Exercise prompt ->
With the images removed, reproduce each entry below word for word.

── Material for this exercise ──

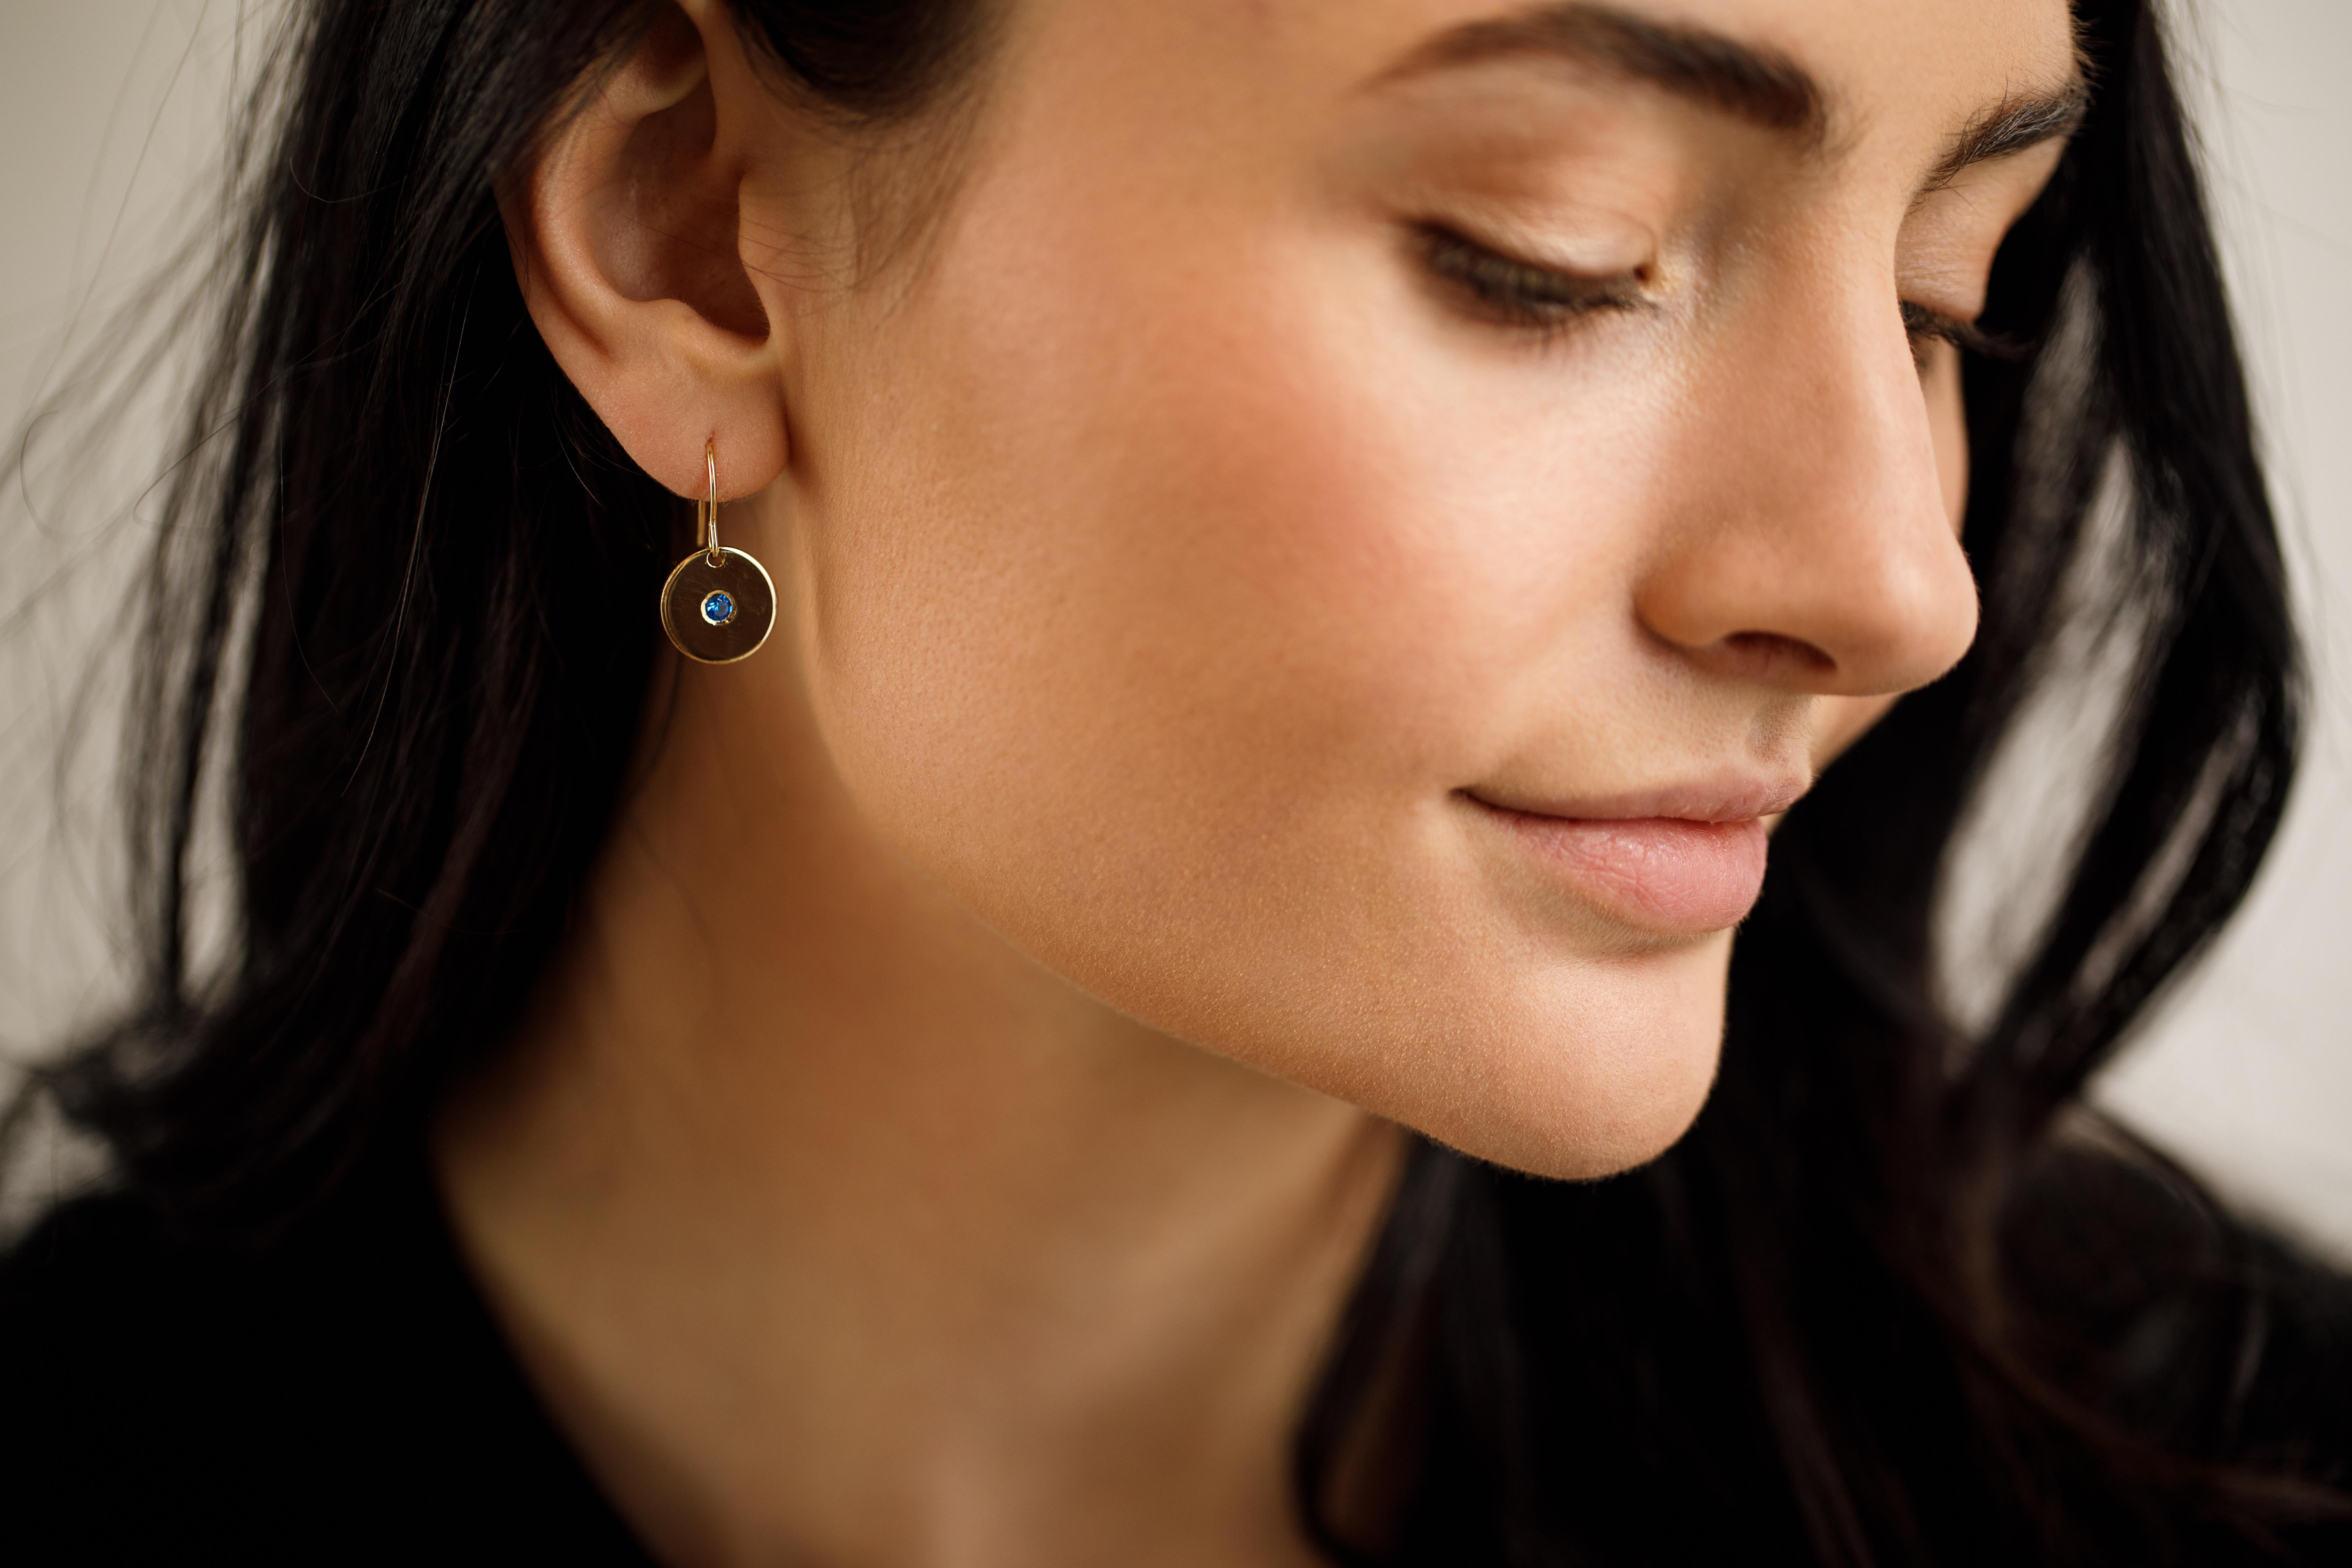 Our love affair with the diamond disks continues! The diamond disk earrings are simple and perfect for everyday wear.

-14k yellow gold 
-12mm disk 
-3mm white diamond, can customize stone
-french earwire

───

Task solution ->
 Our love affair with the diamond disks continues! The diamond disk earrings are simple and perfect for everyday wear.

-14k yellow gold 
-12mm disk 
-3mm white diamond, can customize stone
-french earwire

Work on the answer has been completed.